KIBWEZI/MTITO-ANDEI – The Ministry of Tourism is taking decisive steps to tackle the rising concerns of human-wildlife conflict, especially in communities living adjacent to wildlife sanctuaries. In a comprehensive initiative led by Tourism and Wildlife Cabinet Secretary (CS) Alfred Mutua, an assessment of human-wildlife conflict hotspots has been initiated, beginning with Kibwezi and Mtito-Andei regions.

The urgency of this campaign reflects the escalating tensions between expanding human populations and wildlife habitats. As humans increasingly encroach upon traditional wildlife territories, there’s a surge in conflicts. These have manifested as crop destruction, livestock predation, and in dire situations, attacks on locals by wild animals.

CS Mutua shared his concerns via his X account, highlighting the pressing issues in the aforementioned regions. “As human numbers swell, pushing into wildlife zones, we’re seeing a spike in confrontations. The matters of crop damage, livestock losses, and occasional assaults on villagers by animals are top on my agenda,” Mutua commented.

In a bid to gather firsthand information, the CS plans to visit individual households that have borne the brunt of these clashes. Key points of discussion will be around compensation mechanisms and the idea of erecting fences to demarcate boundaries.
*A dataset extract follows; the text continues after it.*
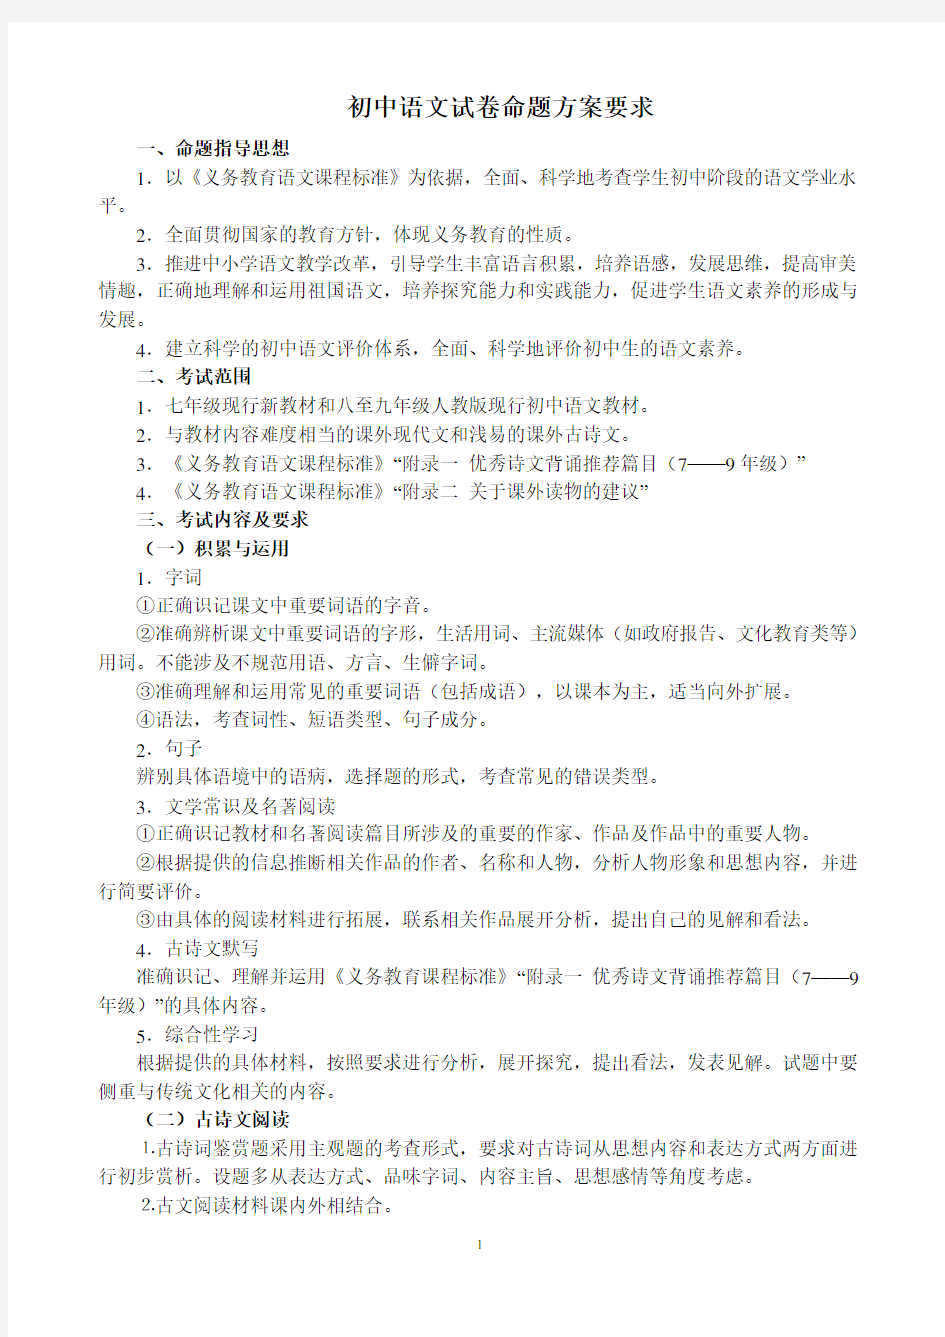 初中语文试题命制的要求 细节

Furthermore, Mutua is keen on understanding and implementing strategies with local communities to minimize these confrontations.
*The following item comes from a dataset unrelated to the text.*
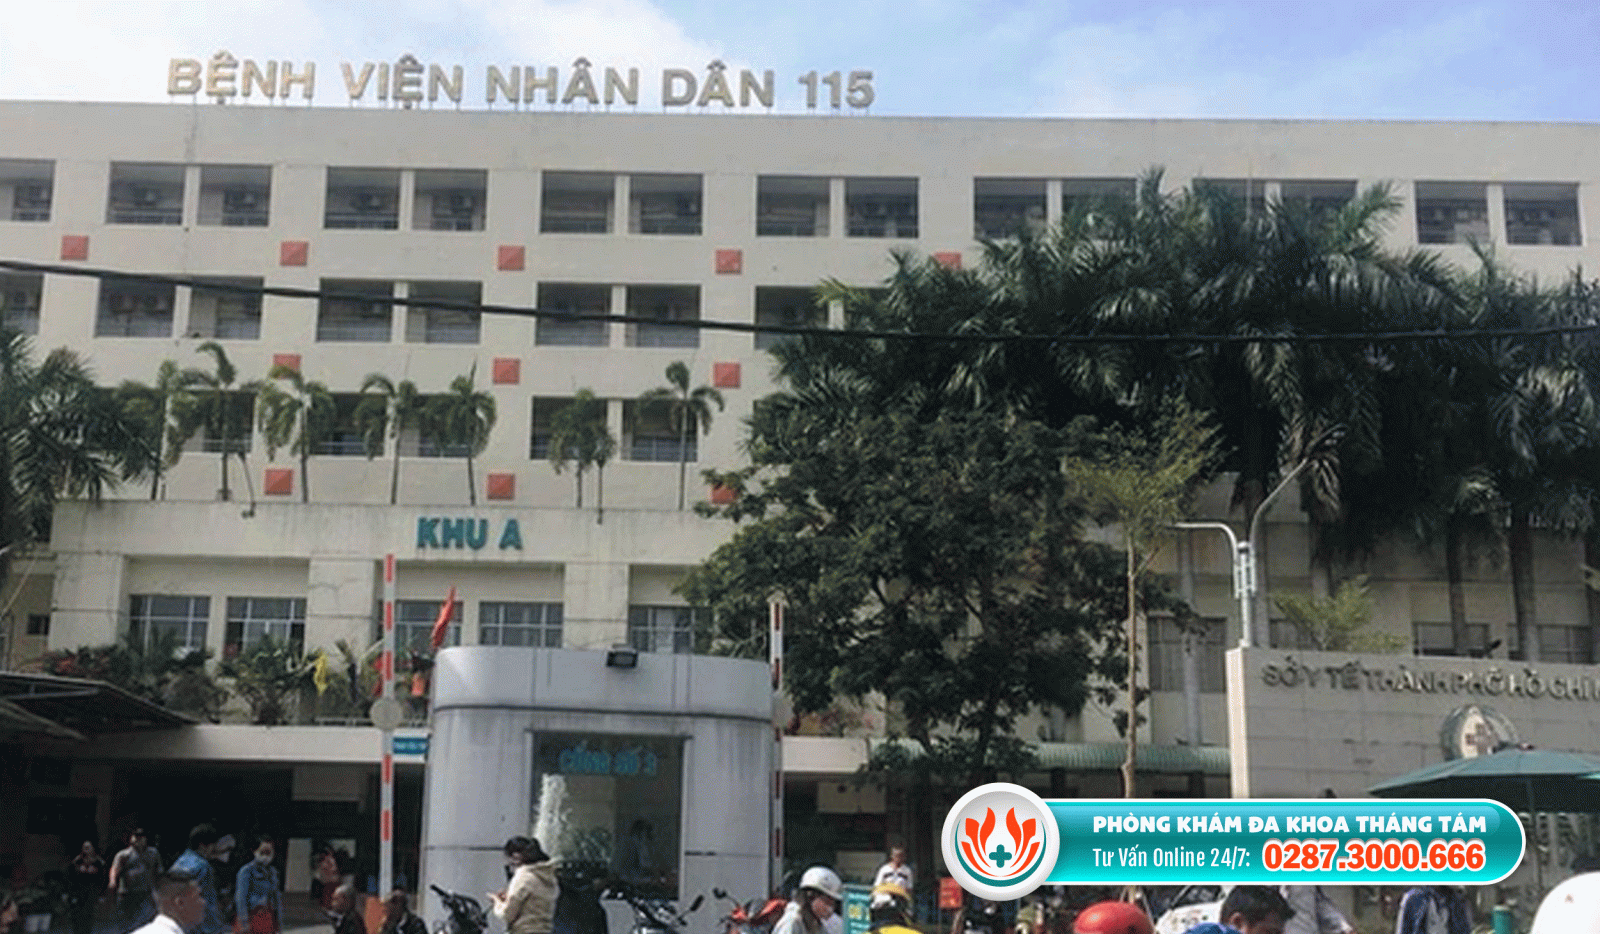 Bệnh viện khám nam khoa hcm - Bệnh viện Nhân dân 115

Public addresses, or barazas, have also been scheduled at Kyusyani in Mtito and Kasayani in Kibwezi to ensure widespread community involvement.
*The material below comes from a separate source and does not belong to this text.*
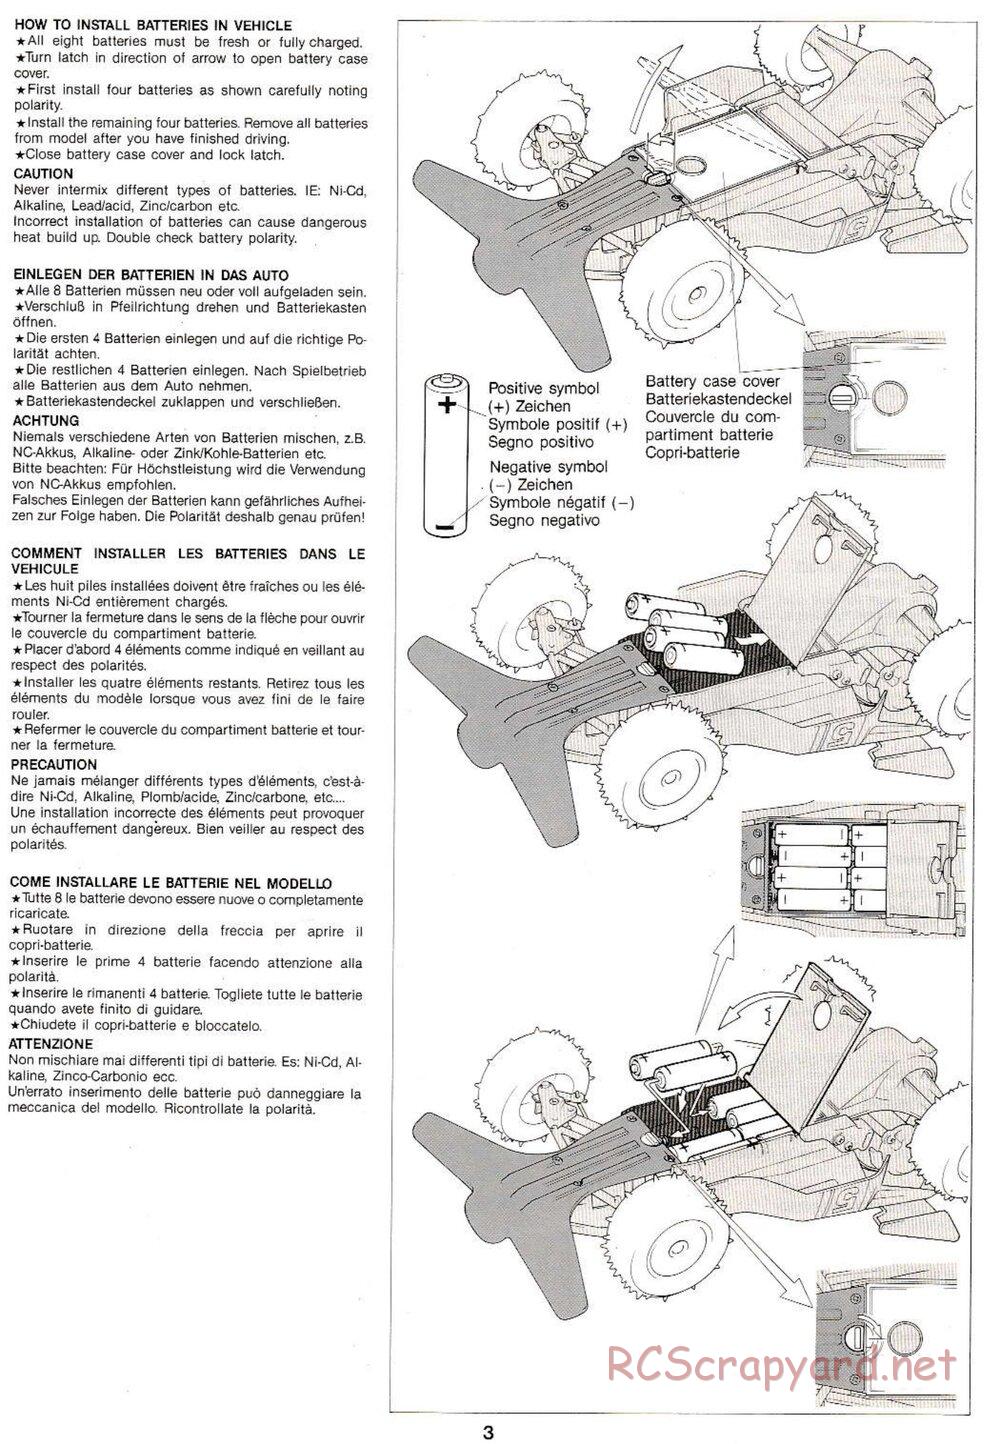 Tamiya - Thunder Shot QD Chassis - Manual - Page 3

This inspection tour isn’t just about assessing the situation; it’s also about advocacy. “The Kibwezi and Mtito Andei trip symbolizes a pivotal moment in our quest to alleviate human-wildlife conflicts in this belt, all while championing the cause of wildlife preservation,” declared CS Mutua.

Backing their intent with actions, the government in June sanctioned a compensation package of Ksh 908 million for families who’ve lost members, endured injuries, or seen their properties ravaged by wildlife. This move, rooted in the Wildlife Management and Conservation Act 2013, aims to settle claims spanning from 2014 to 2019. It encompasses a range of grievances including human casualties, injuries, crop devastation, and livestock losses.

In addition, to redress older unresolved complaints, an additional Ksh 322 million has been earmarked to settle compensation claims that have been lingering since the 1990s.

However, Kenya Wildlife Service (KWS) data indicates a staggering Ksh 5.6 billion in outstanding claims for fatalities, crop, and property damages across all 47 counties. This suggests that the current compensation allocations, although increased from Ksh 400 million in 2021 to Ksh 1.5 billion in 2023, might still fall short of the growing needs, given the rampant and recurring nature of human-wildlife conflicts across Kenya.

The Ministry’s efforts underscore the intricate balancing act between conservation and the livelihoods of communities bordering these sanctuaries. With these proactive measures, there’s hope for a harmonious coexistence in the near future.